Abstract In the mid-1930s, Fabian Ware and the other leading members of Britain’s Imperial War Graves Commission (IWGC) sought to strengthen relations with Nazi Germany. Their efforts are generally seen as another example of appeasement, misjudging Hitler in a search for international peace. This article, in contrast, places this relationship into a much longer history of wartime death and post-war remembrance. As was the case elsewhere, the IWGC, to the anger of some relatives of the deceased, chose not to repatriate the war dead buried in Germany, and instead concentrated them into four new British war cemeteries. This decision created a clear division between the treatment of the dead of the victors and those of the defeated. While the British and Empire dead in Germany were made more visible, Germany’s war dead buried in Britain remained in their original wartime graves and faded slowly from sight. When Hitler rose to power, the IWGC was suddenly forced to confront these disparities, particularly as Nazis in both Britain and Germany used the war graves to rally support.
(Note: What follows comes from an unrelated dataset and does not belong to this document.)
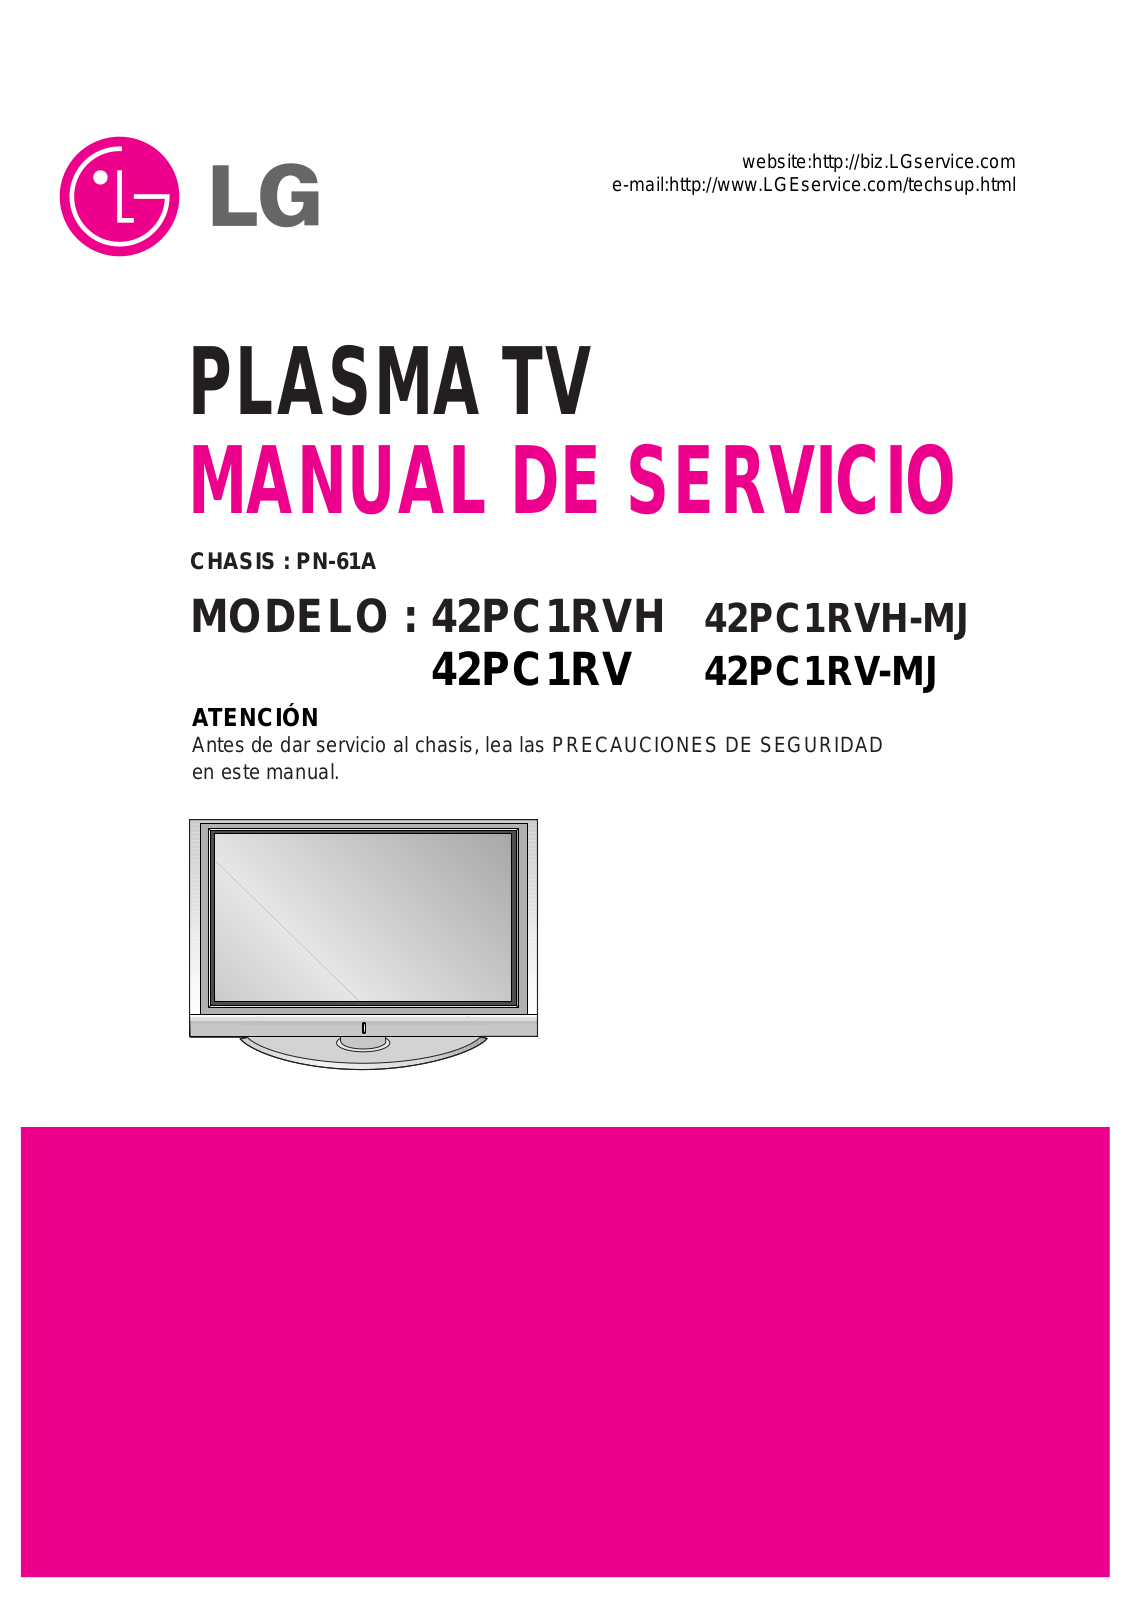 LG 42PC1RVH, 42PC1RVH-MJ, 42PC1RV, 42PC1RV-MJ Service Manual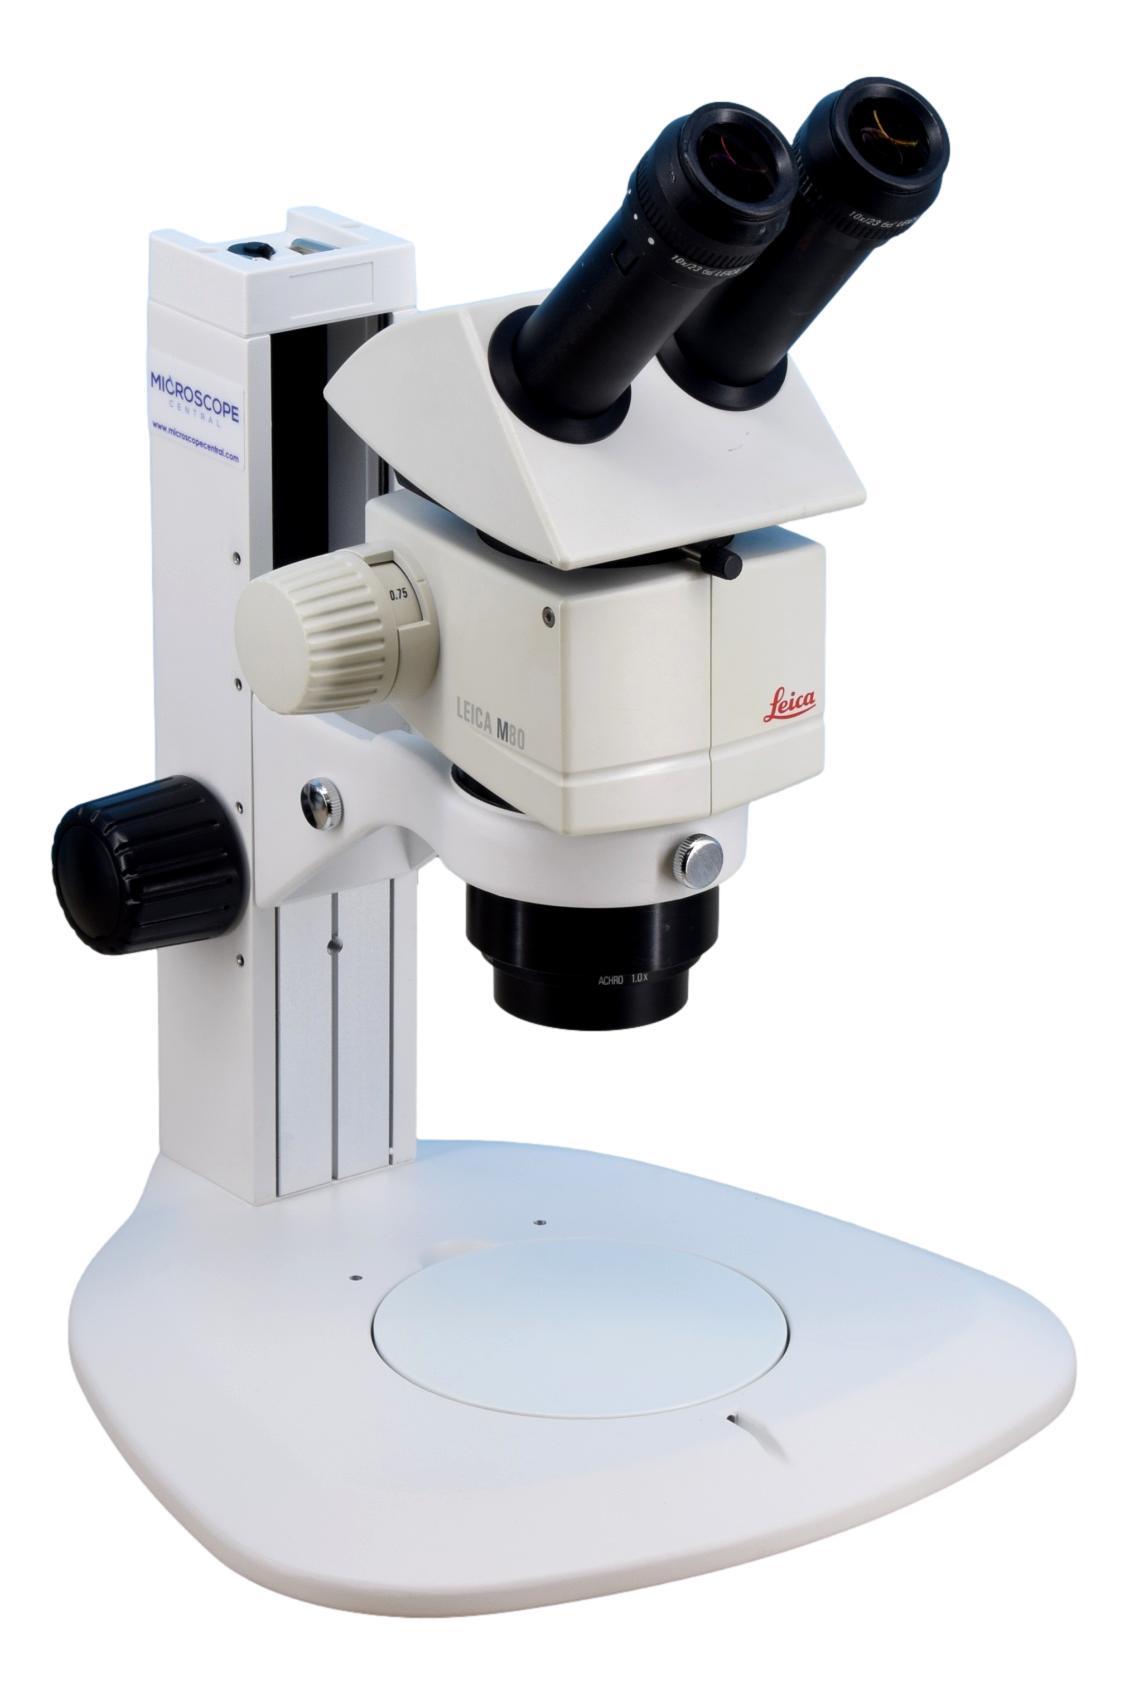 M80 Stereo Zoom Microscope | Refurbished Leica Microscope – Microscope Central

This article argues that the IWGC started to negotiate with the Nazi regime not to broker peace but purely to defend the cemeteries that it had placed on German soil. However, with Britain and Germany having competing narratives of war and defeat, these discussions were always doomed to fail.
与死亡共舞:帝国战争坟墓委员会和纳粹德国
20世纪30年代中期,法比安·韦尔(Fabian Ware)和英国帝国战争坟墓委员会(Imperial War Graves Commission, IWGC)的其他主要成员试图加强与纳粹德国的关系。他们的努力通常被视为绥靖政策的另一个例子,在寻求国际和平的过程中错误地判断了希特勒。相比之下,本文将这种关系置于一个更长的战争死亡和战后纪念的历史中。与其他地方的情况一样,IWGC让一些死者亲属感到愤怒,他们选择不将埋葬在德国的战争死者遣返回国,而是将他们集中在四个新的英国战争墓地。这一决定在对待战胜国和战败国的死者方面造成了明显的分歧。虽然在德国死去的英国人和帝国的人越来越显眼,但在英国埋葬的德国战争死者仍然在他们原来的战时坟墓里,慢慢地从人们的视线中消失了。当希特勒上台后,IWGC突然被迫面对这些差异,特别是当英国和德国的纳粹利用战争坟墓来争取支持时。这篇文章认为,IWGC开始与纳粹政权谈判不是为了促成和平,而纯粹是为了保护它在德国土地上的墓地。然而,由于英国和德国对战争和失败的叙述相互矛盾,这些讨论总是注定要失败。
本文章由计算机程序翻译,如有差异,请以英文原文为准。